Transcribe, starting at the line with "Imagen Goku Ssj1" and ending at the line with "Vegan Letters On Plate", every line of the material below exactly, but leave out the pictures and anything outside that span.

- [Records for this exercise]:

....

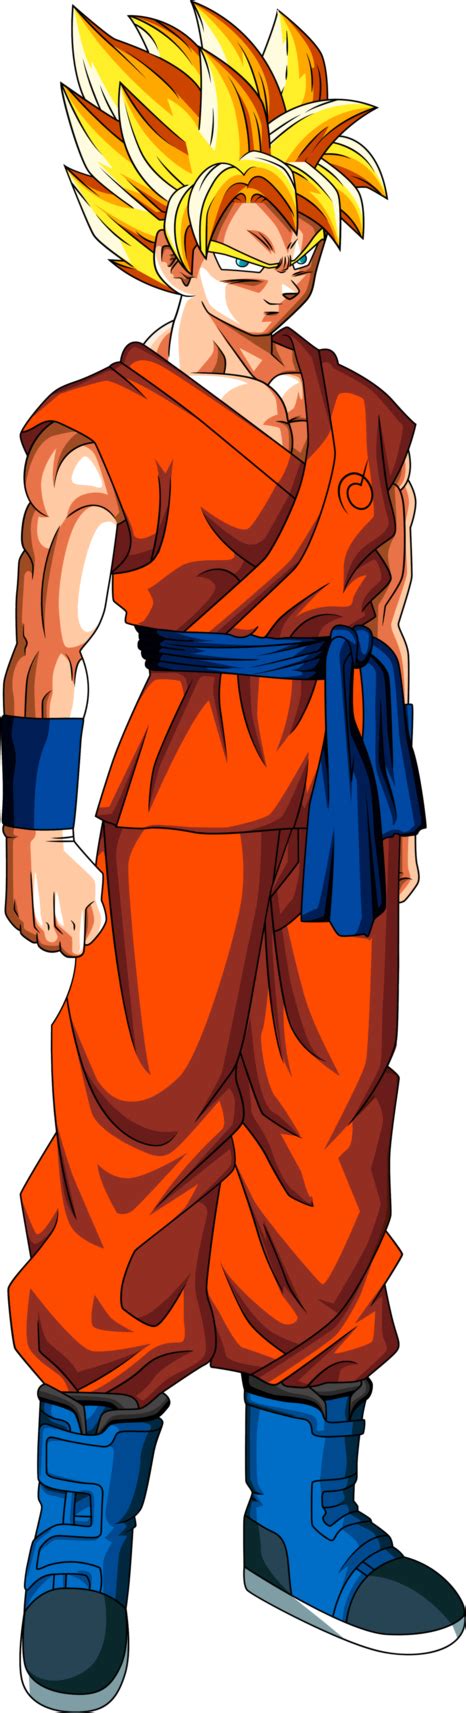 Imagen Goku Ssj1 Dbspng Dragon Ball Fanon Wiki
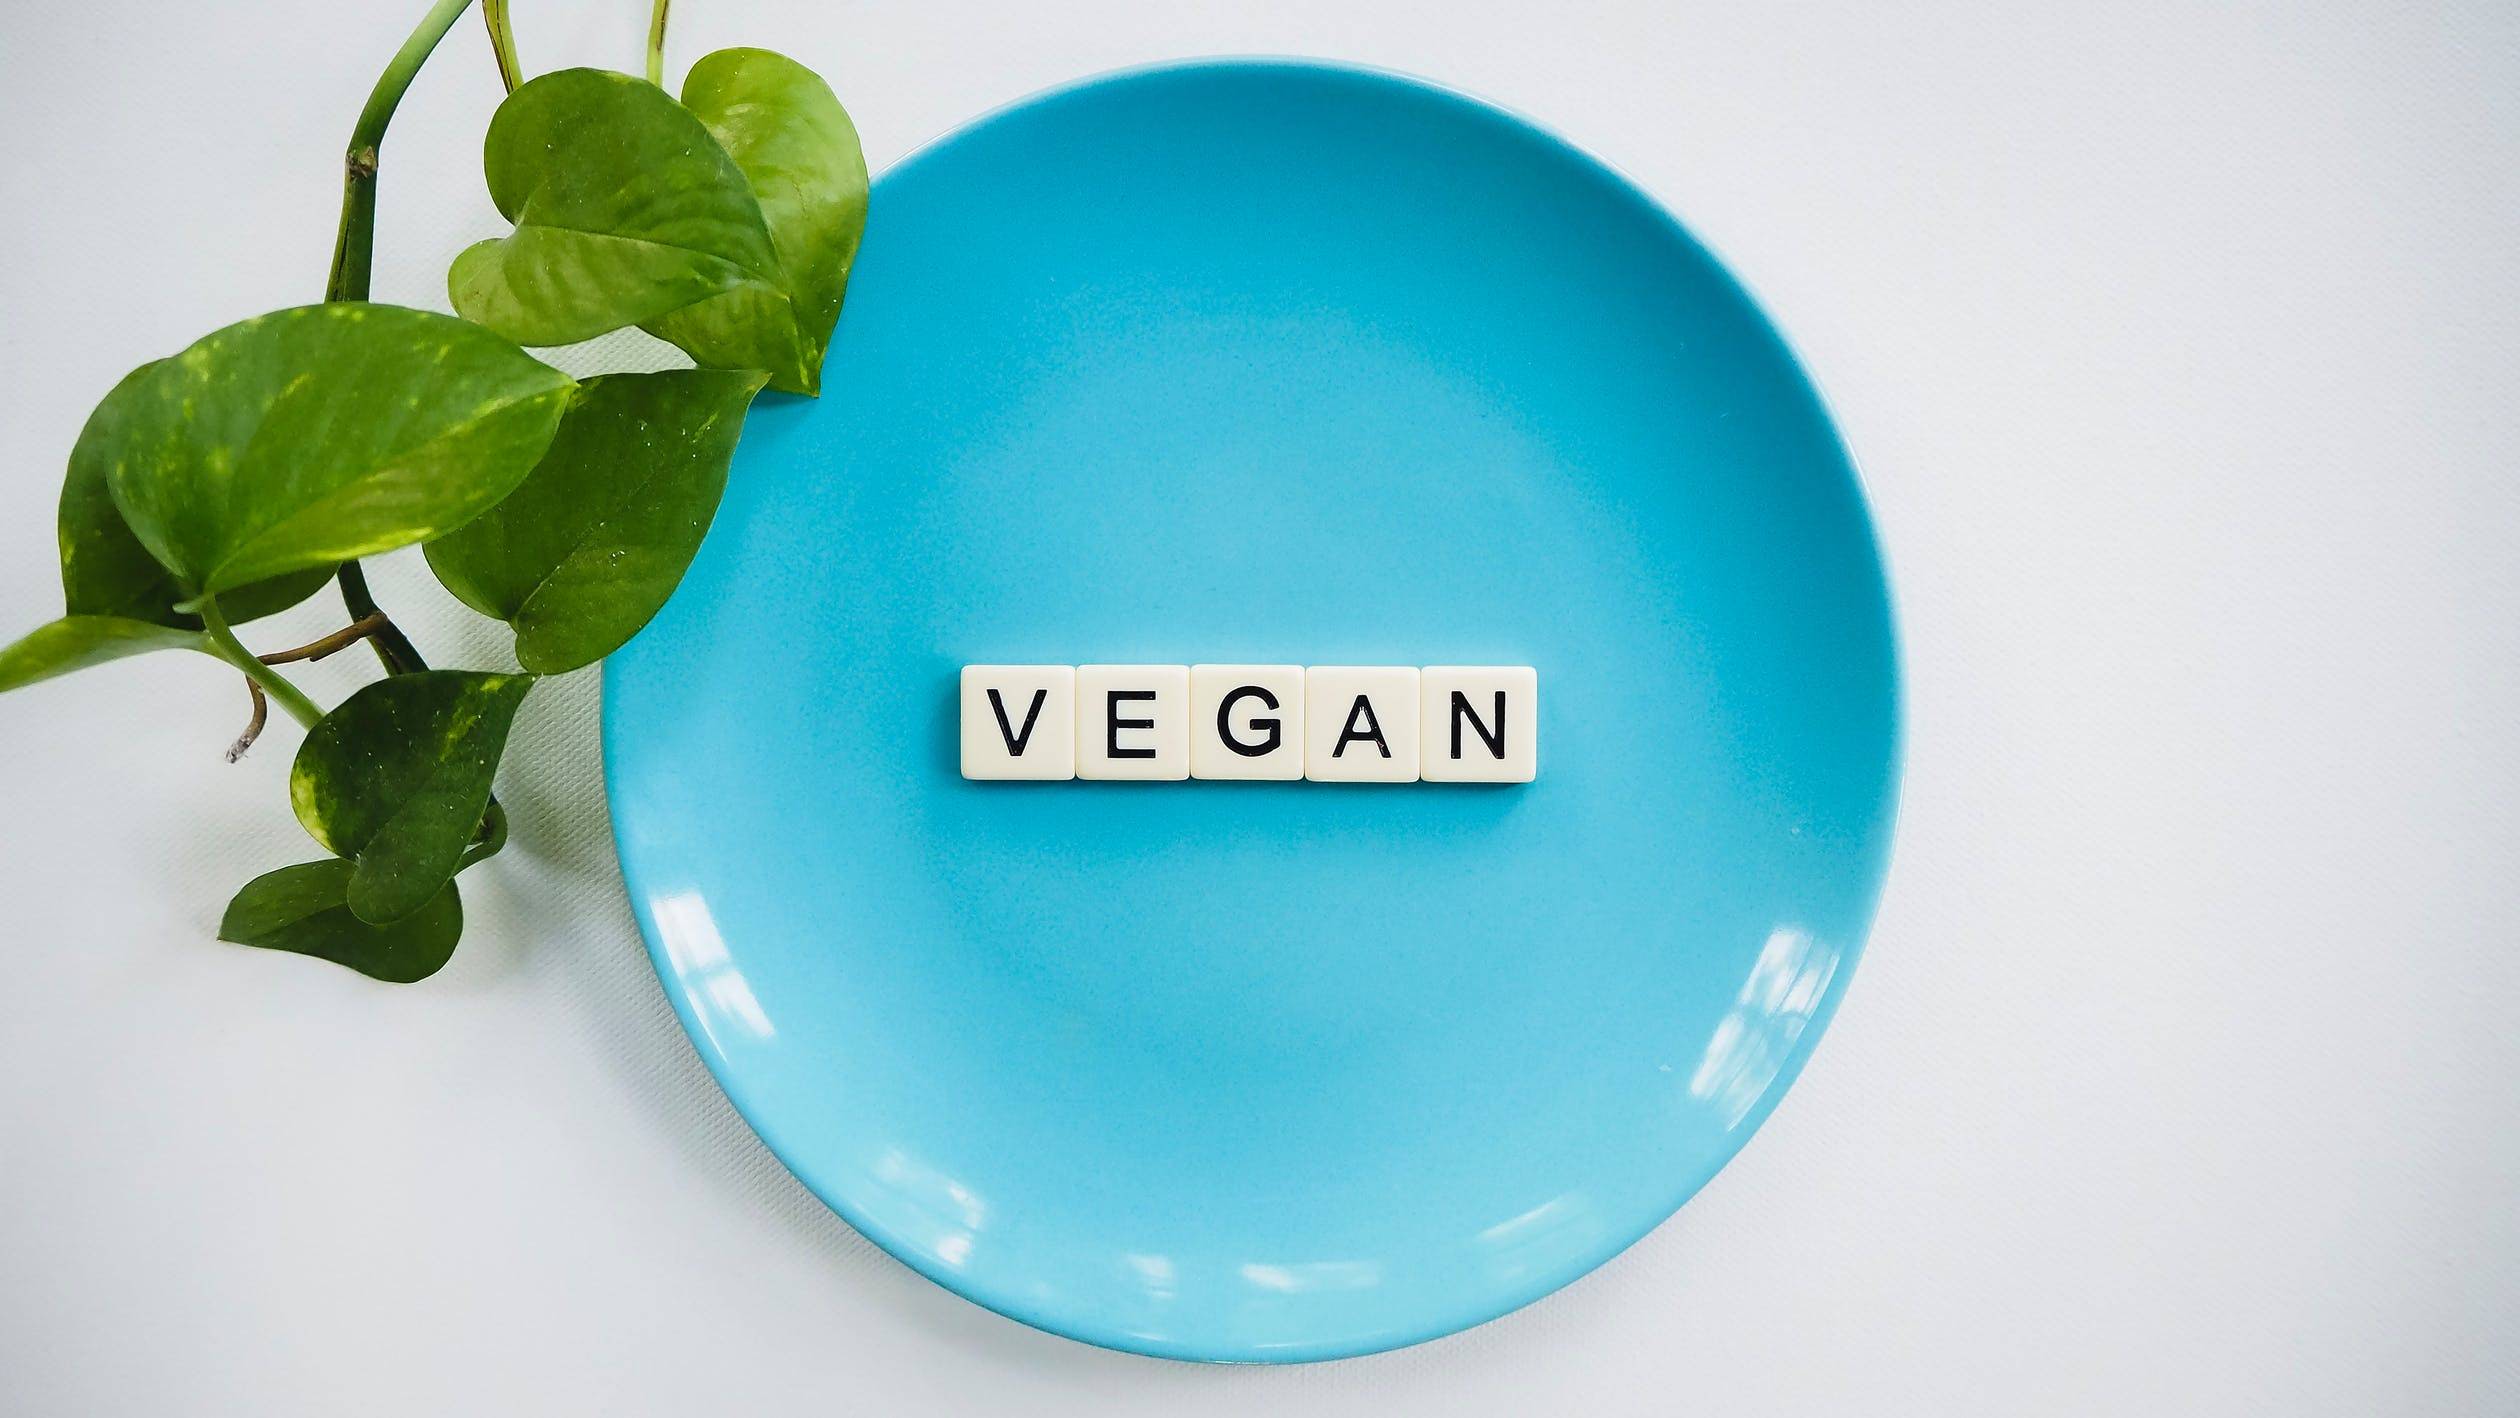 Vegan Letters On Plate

....

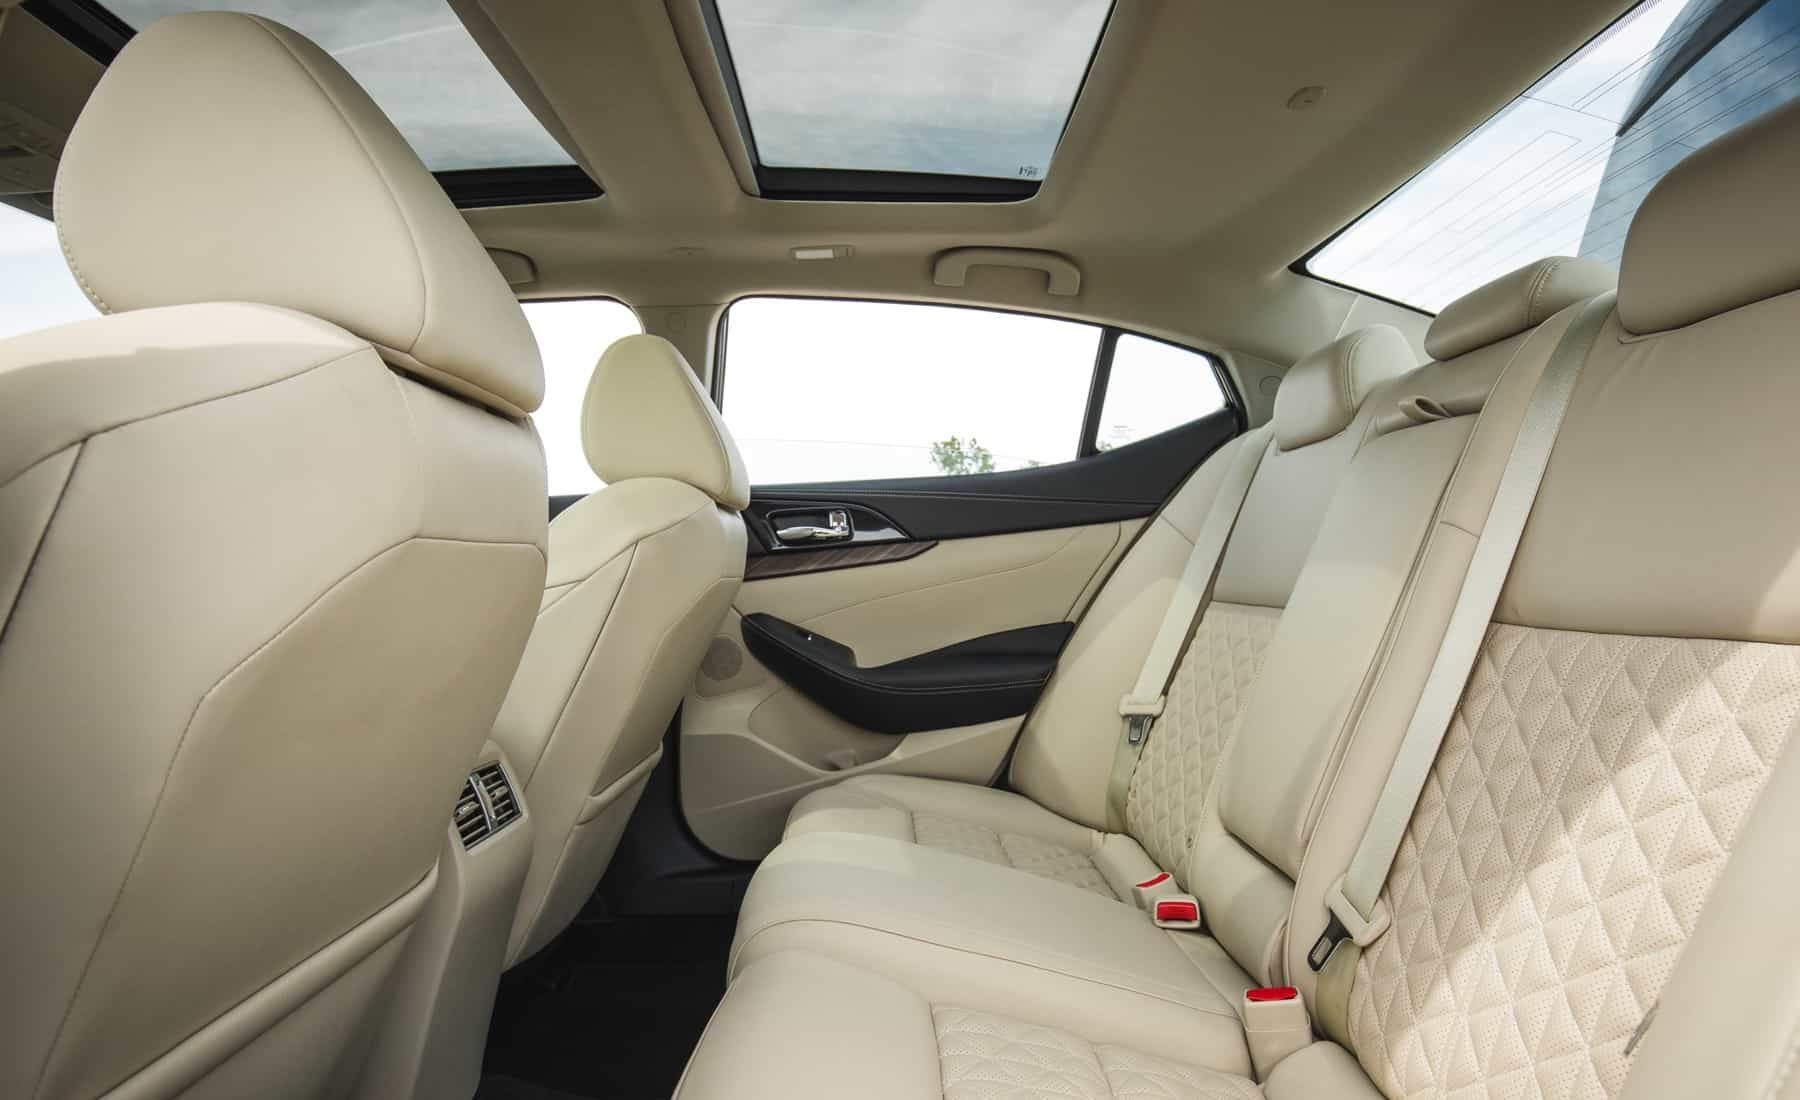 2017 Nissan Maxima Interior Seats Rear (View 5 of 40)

....

- [Response to the exercise]:
 Imagen Goku Ssj1 Dbspng Dragon Ball Fanon Wiki
 Vegan Letters On Plate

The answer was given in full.